Grease, composed of fatty acids, esters, or hydrocarbons, is viscous or semi-solid at room temperature. It does not simply “dry out” like water evaporating. The change in its physical state, often resulting in a hard, sticky, or solid residue, is the result of irreversible chemical reactions known as degradation. This process transforms the grease’s molecular structure over time. The material’s original properties of lubricity or fluidity are lost as its component molecules break down and recombine into less desirable compounds.
The Chemical Process That Causes Grease to Harden
The primary mechanism responsible for the hardening of grease is a chain reaction called oxidation. This process begins when molecules within the grease react with oxygen present in the surrounding air, creating highly unstable molecules known as free radicals.
These free radicals are extremely reactive and immediately seek to stabilize themselves by reacting with other nearby grease molecules, propagating the degradation cycle. This leads to the second major step: polymerization. During polymerization, the broken molecular fragments link together to form much larger, heavier, and longer molecular chains.

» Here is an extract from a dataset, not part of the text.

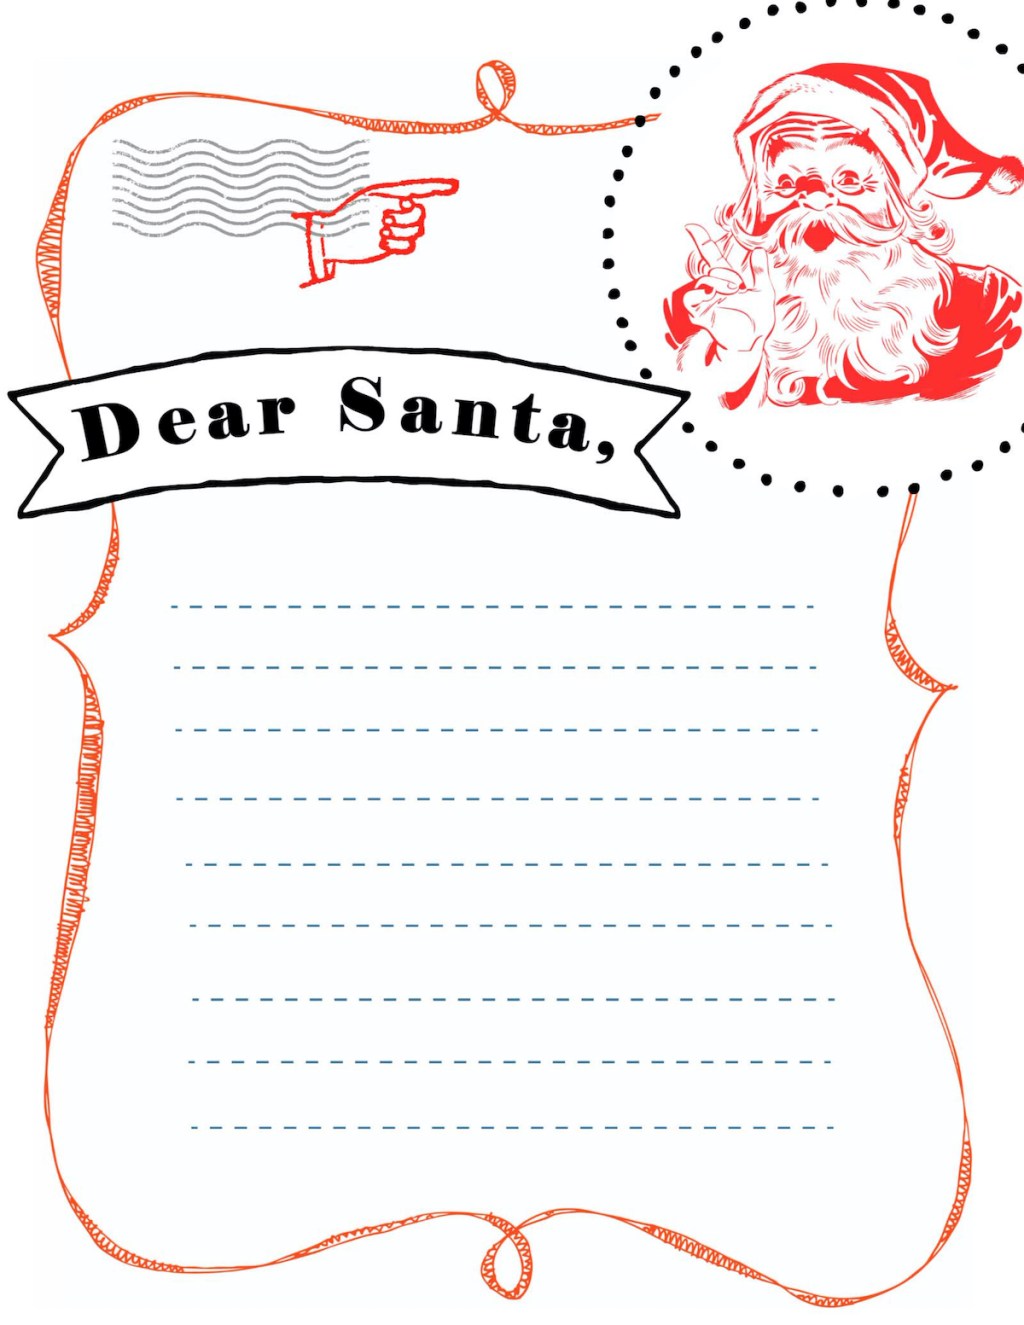 Dear Santa letter printable

As these molecules grow in size, they lose their ability to flow freely, which causes the viscosity of the grease to increase dramatically. This molecular linking ultimately transitions the grease from a liquid or semi-solid state into a rigid, cross-linked solid, often appearing as a hard varnish or gum-like sludge.
Variables That Accelerate or Slow Degradation
The rate at which oxidation and subsequent polymerization occur is highly dependent on environmental and compositional factors. Elevated temperatures significantly accelerate the chemical reactions responsible for degradation. For instance, for every 18-degree Fahrenheit (10-degree Celsius) increase in temperature, the rate of oxidation can roughly double.

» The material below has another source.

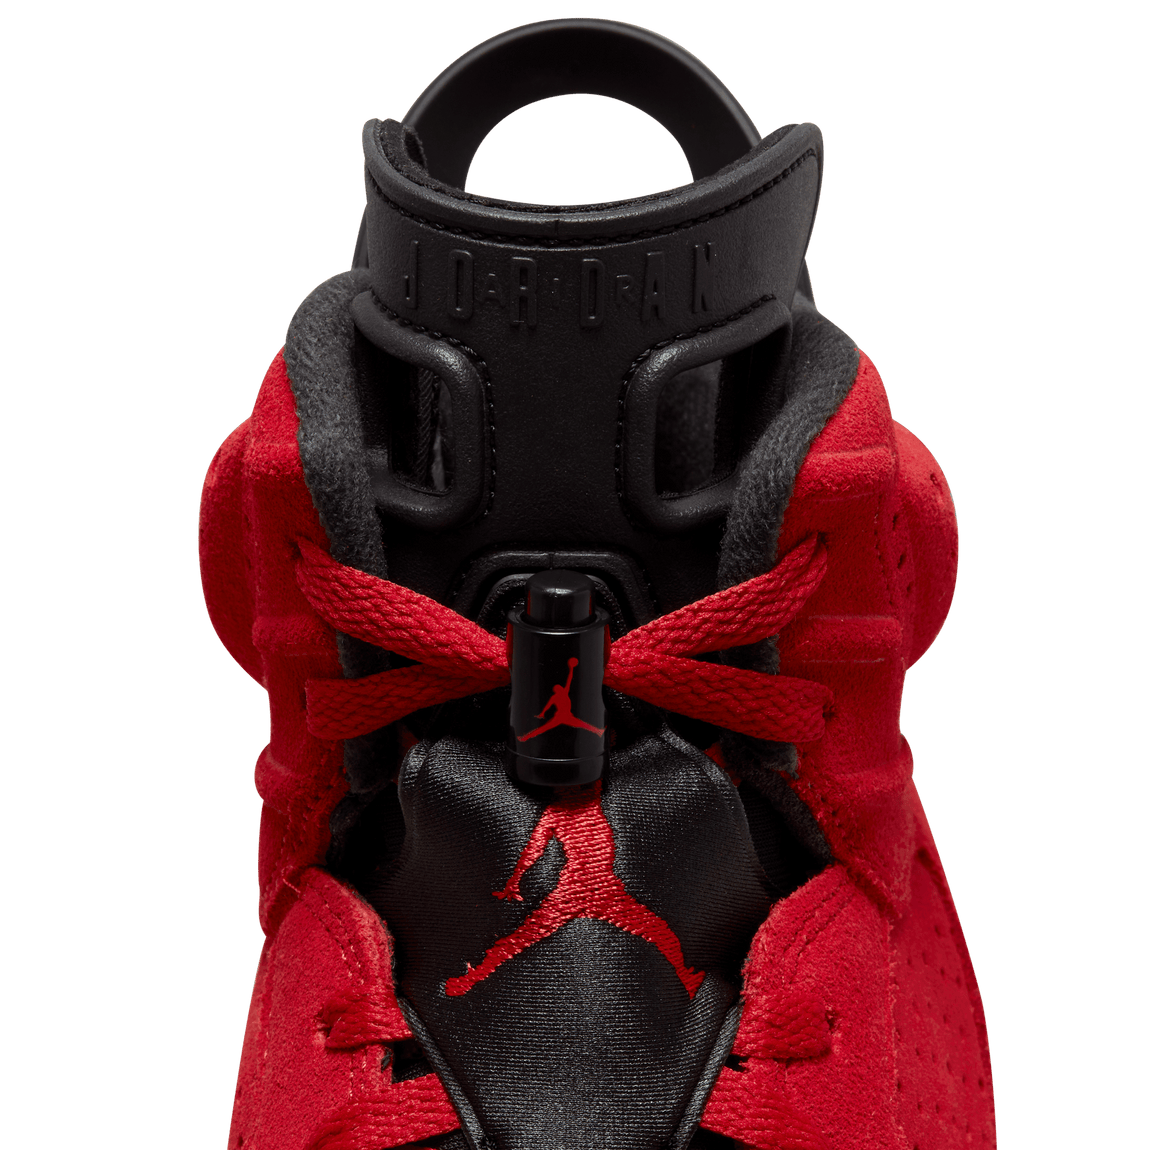 Air Jordan 6 Retro (Varsity Red/Black) 5/24 - Air Jordan 6 Retro (Varsity Red/Black) 5/24 -

Direct exposure to oxygen is necessary for the initial oxidation reaction. This means a grease layer spread thinly over a surface degrades much faster than a large, contained mass. Light, particularly ultraviolet (UV) radiation, acts as a catalyst by supplying the energy needed to generate the first free radicals, effectively kick-starting the process.
The inherent chemical structure of the grease components also plays a significant role. Fats and oils containing a high proportion of unsaturated fatty acids are much more susceptible to oxidation. These molecules have double bonds in their carbon chains, which are weaker points for oxygen to attack, making them less chemically stable than their saturated counterparts.
How Different Types of Grease Change State
The practical outcome of this chemical degradation differs based on the grease’s original application, whether it is for cooking or for mechanical lubrication. In the context of cooking fats and oils, oxidation leads to rancidity, which is the unpleasant change in smell and flavor caused by the formation of volatile compounds like aldehydes and ketones. The persistent, sticky film found on kitchen surfaces, such as exhaust fan filters or cabinet doors, is the solid product of polymerization, an oxidized residue known as varnish.
Lubricating greases, which are typically a base oil suspended in a thickener, degrade in a more complex manner. Oxidation first targets the base oil, causing it to darken and its viscosity to increase as heavy polymer chains begin to form. The acidic byproducts created during this chemical breakdown can then attack and damage the thickener structure, causing it to either soften and bleed oil or harden into a brittle crust.
When the base oil separates from the thickener, the grease loses its structural integrity and ability to lubricate machinery effectively, leading to mechanical failure. The hardened residue that forms in mechanical applications, often due to localized high heat, prevents the proper flow of the lubricant and causes significant wear on moving parts.